Photo credit: Getty Images
Photo credit: Getty Images

"Our instructors have to be able to explain weight transfer, understeer, and threshold braking to a 16-year-old who may not want to be there," Wade says. Street Survival instructors are all volunteers, car enthusiasts, and club racers and teach in 25 states, at 65 venues. Former IndyCar racer (and TV commentator) Scott Goodyear was once a volunteer instructor, for example.

Students are required to provide their own cars. “We feel it's very important to know what oversteer or panic braking feels like in your hand-me-down clapped-out Volvo wagon on tired shocks and questionable tires," Wade says.

The Case for Defensive-Driving Courses

While automakers and wizards in the tech industry work to automate the process of driving-with a frenzy of huge investments to produce self-driving cars and related infrastructure-failures in those development programs are showing just how complex and intuitive the act of driving a car is.

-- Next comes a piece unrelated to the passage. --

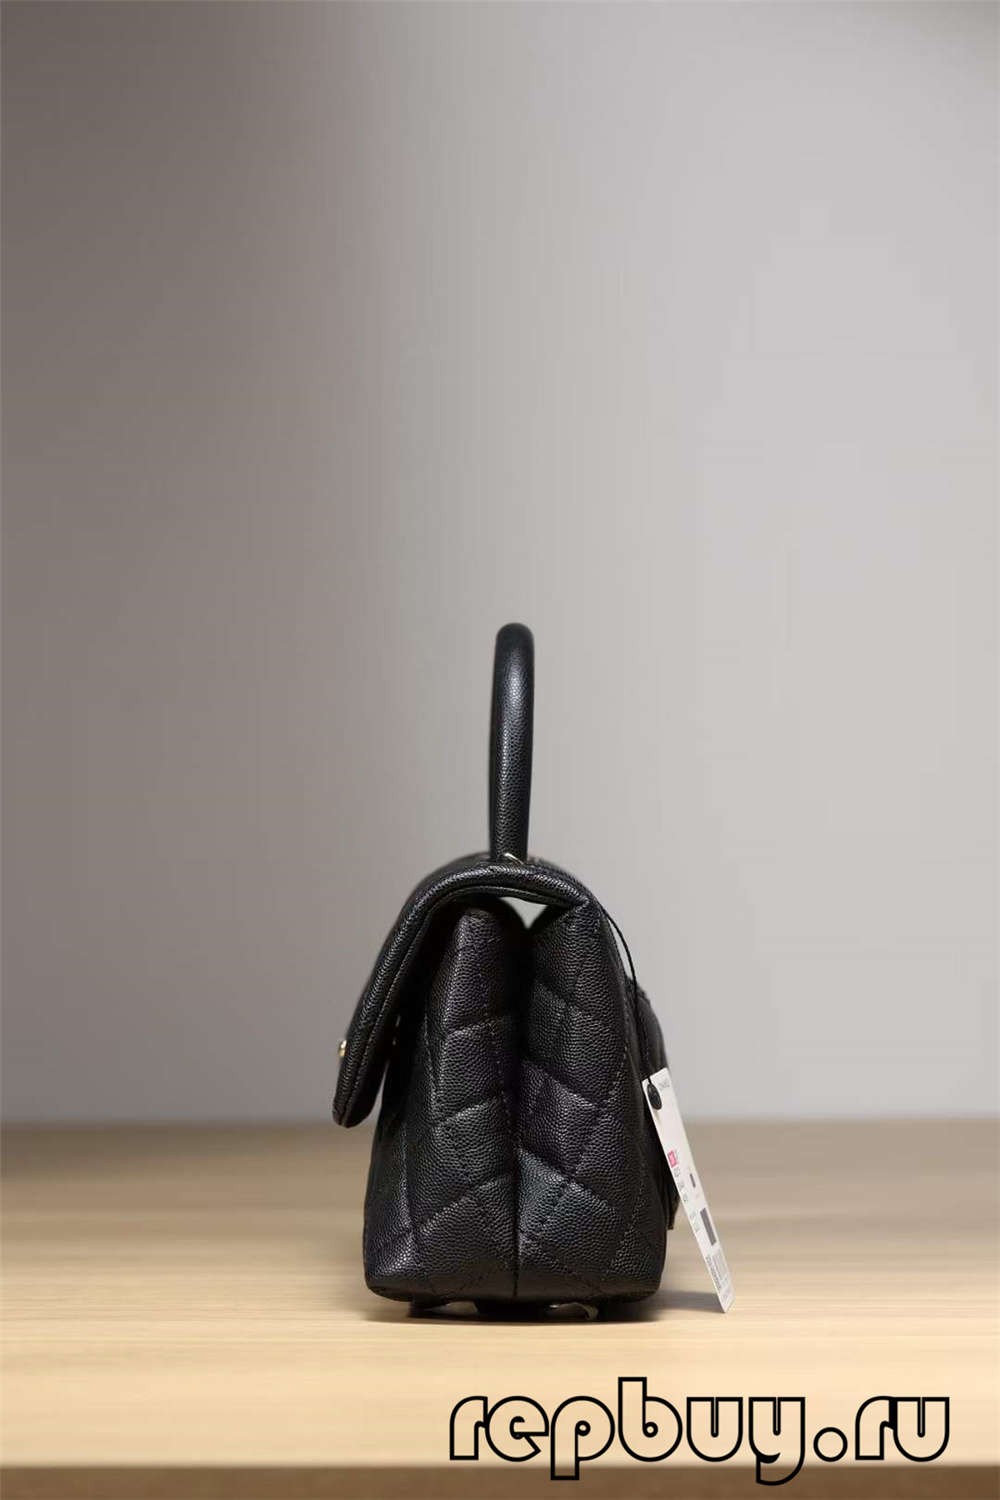 Chanel Coco Handle Top Replica Handbag Black Gold Buckle Look (Atualizado 2022) - Loja online de bolsa Louis Vuitton falsa de melhor qualidade, bolsa de designer de réplica ru

Photo credit: Getty Images
Photo credit: Getty Images

The motive behind this massively expensive industry effort to make cars driverless is in part to reduce the roughly 40,000 deaths per year in the U.S. caused by traffic crashes. But here at C/D, we feel we shouldn't blame the lack of technology for these traffic fatalities. Better drivers are fundamental to reducing the death rate: "Even years after taking our course, people email us about close calls their kids have had," Wade says. "We get emails constantly from parents who say if their kid hadn't taken the course, they wouldn't have come home alive."

Financial Benefits of Training

Some insurance companies will give a discount for completing a defensive-driving course, but discounts vary by state. There are other benefits, too: A 21-year-old who lives near C/D headquarters in Ann Arbor told us he got a job delivering gourmet cookies because the store manager liked that he had a certificate for completing the Street Survival course.

"One of our guiding principles is you can always improve," says Wade. At C/D, we agree.